De esta manera nos damos cuenta que el regalo de las últimas Navidades ha sido aumentar “la pobreza”. Antes teníamos una pobreza individual; hoy en día emergió una nueva forma de pobreza, la de grupo o clase social, donde sólo el hecho de ser indígena, campesino sin tierra o mujer, ubica a la persona en una tácita condición de desventaja ante otros grupos sociales. Casi siempre nos olvidamos que los pobres tienen necesidades todo el año y que los niños no sólo aparecen para sonreír en diciembre. ¿A quién queremos engañar con esas hipócritas actitudes, o es que algunos “buenos ciudadanos” quieren aminorar la pobreza ofreciendo un carrito de plástico a los niños o una imitación de Barbie a las niñas? La cosa no es tan fácil, el país y sus pobres habitantes necesitan otros regalos, ellos necesitan ver una esperanza, el regalo de una moral colectiva, de una paz duradera, sin muertes ni atropellos; sin violencia étnica ni política; necesitan el regalo de una sociedad más justa, de obtener un trabajo digno; necesitan sentirse miembros de una sociedad que vela por todos;  necesitan de una Navidad más simple pero sincera.

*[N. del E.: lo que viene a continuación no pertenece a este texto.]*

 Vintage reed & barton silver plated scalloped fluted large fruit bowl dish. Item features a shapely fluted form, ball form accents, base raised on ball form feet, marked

La Navidad ahora la hemos hecho sinónimo de gran actividad comercial; de grandilocuentes reuniones y fiestas y una apetitosa comida familiar. En verdad hemos cercenado el verdadero significado de la Navidad. Esta fiesta cristiana es un hermoso tiempo de reflexión, de ofrecer y pedir perdón, de hacer suyos los valores más sublimes del ser humano y ponerlos a la práctica, de darse cuenta que todos necesitamos de todos, de amar y sentirse amado, de dormir con el alma tranquila y de pintar una esperanza en el lienzo diario de la vida. La Navidad no es una fecha festiva; la Navidad es una actitud de vida.

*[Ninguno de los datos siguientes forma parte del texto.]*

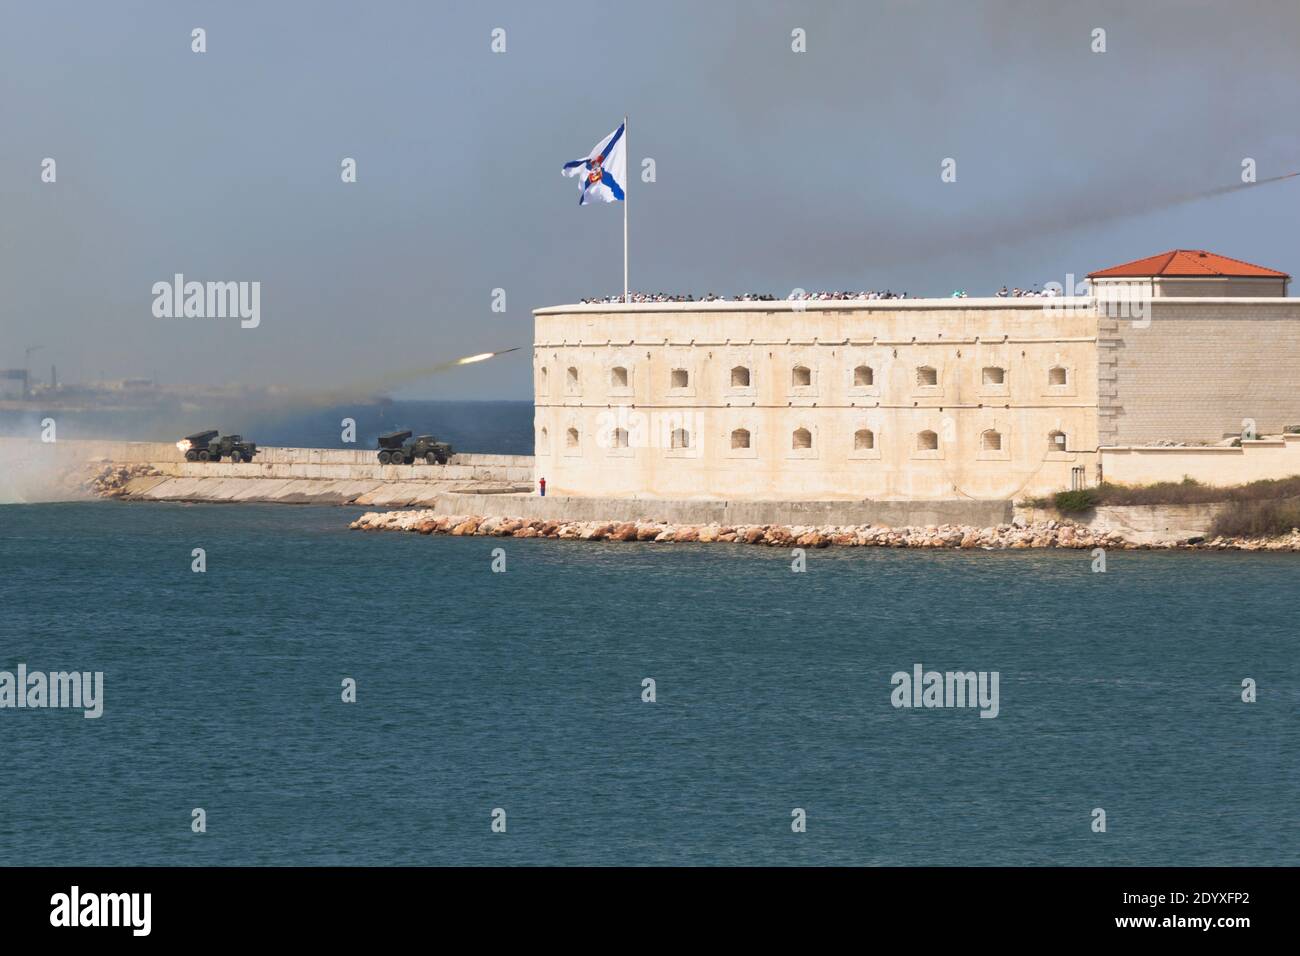 Sevastopol, Crimea, Russia - July 26, 2020: Shooting from the Grad multiple launch rocket systems on Navy Day from the Northern Pier in the Hero City Stock Photo

Con el tiempo la fiesta navideña se ha ido acercando más a la  fiesta pagana que dio su origen, es decir, la fiesta dedicada al dios Saturno, dios de la agricultura, que se celebraba durante siete días con bulliciosas diversiones y suntuosos banquetes. Hoy parece que seguimos en ese camino, pues aprovechando la cercanía del año nuevo, las parrandas desenfrenadas son el quehacer constante de muchos bolivianos; no hemos podido asimilar el sentido moral y espiritual que nos trae la Navidad.

Tener una postura positiva es algo muy difícil de lograr, conociendo que los pobres son cada vez más pobres, y el trabajo escasea más a menudo, la mano de obra se abarata constantemente, la delincuencia aumenta a pasos agigantados, los derechos humanos son avasallados, los niños de la calle son cada vez más, la inflación es mayor que el aumento de sueldo, la justicia mejor ni mencionarla, porque abriga en su seno a muchos jueces que lucran con ella; todos conocemos esta realidad, y sin embargo no hacemos mucho para remediarla.

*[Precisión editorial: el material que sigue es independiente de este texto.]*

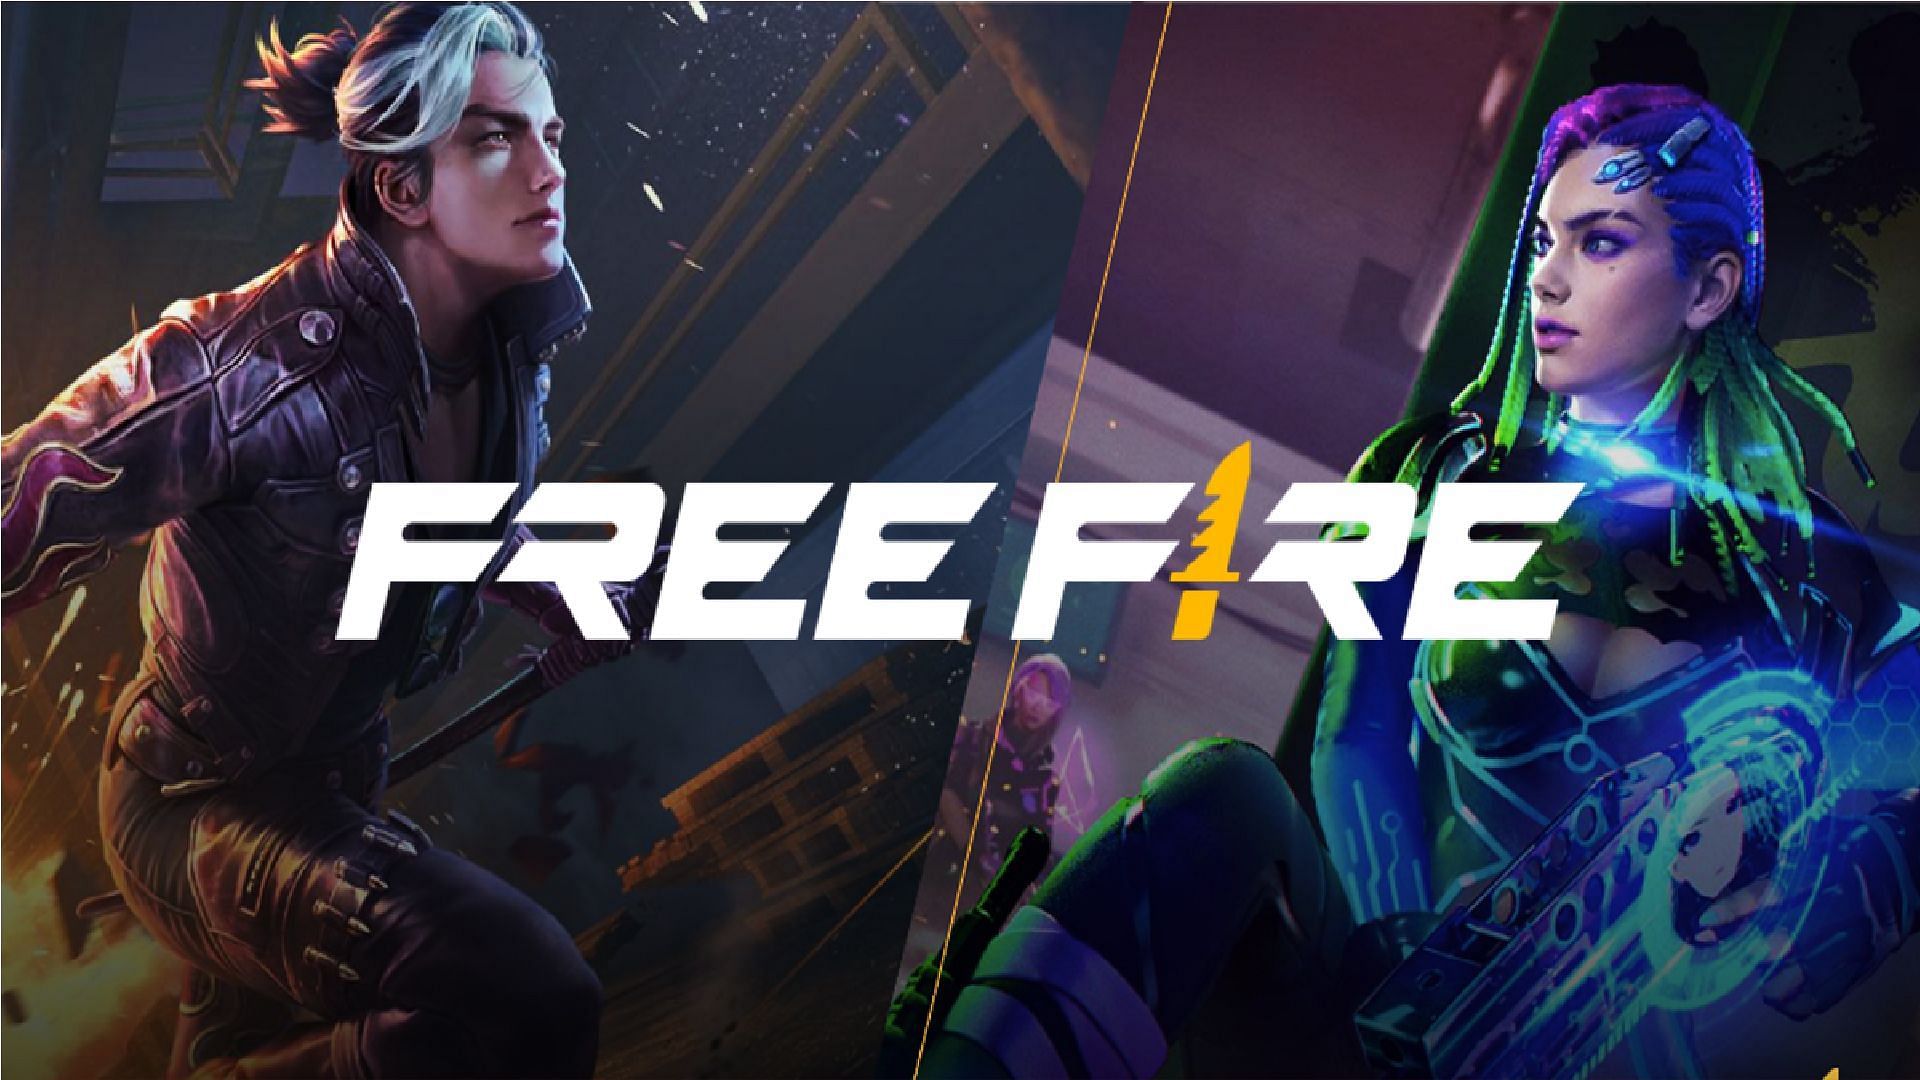 ARRIVING TOGETHER - Indian gamers league- freefire posts.

Seguro estoy que los bolivianos somos capaces de recapacitar, de reconstruir la esperanza sembrando gérmenes de amor, justicia y libertad. Esta Navidad no será una fecha de regocijo para la mayoría de los bolivianos, para miles de niños sin hogar; para muchas mujeres maltratadas; para muchas familias que estarán vigilando un pedazo de tierra en conflicto; para muchos indígenas que ven depredar su territorio, para muchos encarcelados que no tendrán la compañía de sus seres queridos; y para muchos otros más, esta Navidad, no será el mejor día. Pero pese a todo, no nos olvidemos de regalar a nuestros semejantes una sonrisa sincera, porque en cada Navidad, junto con Jesús, debe nacer la solidaridad y la justicia.
Wigberto Rivero es antropólogo, sociólogo y fue ministro de Asuntos Campesinos y Pueblos Indígenas. Este artículo fue publicado en el matutino La Razón, el día martes 17 de Diciembre de 2002. Reproducido con la autorización del autor.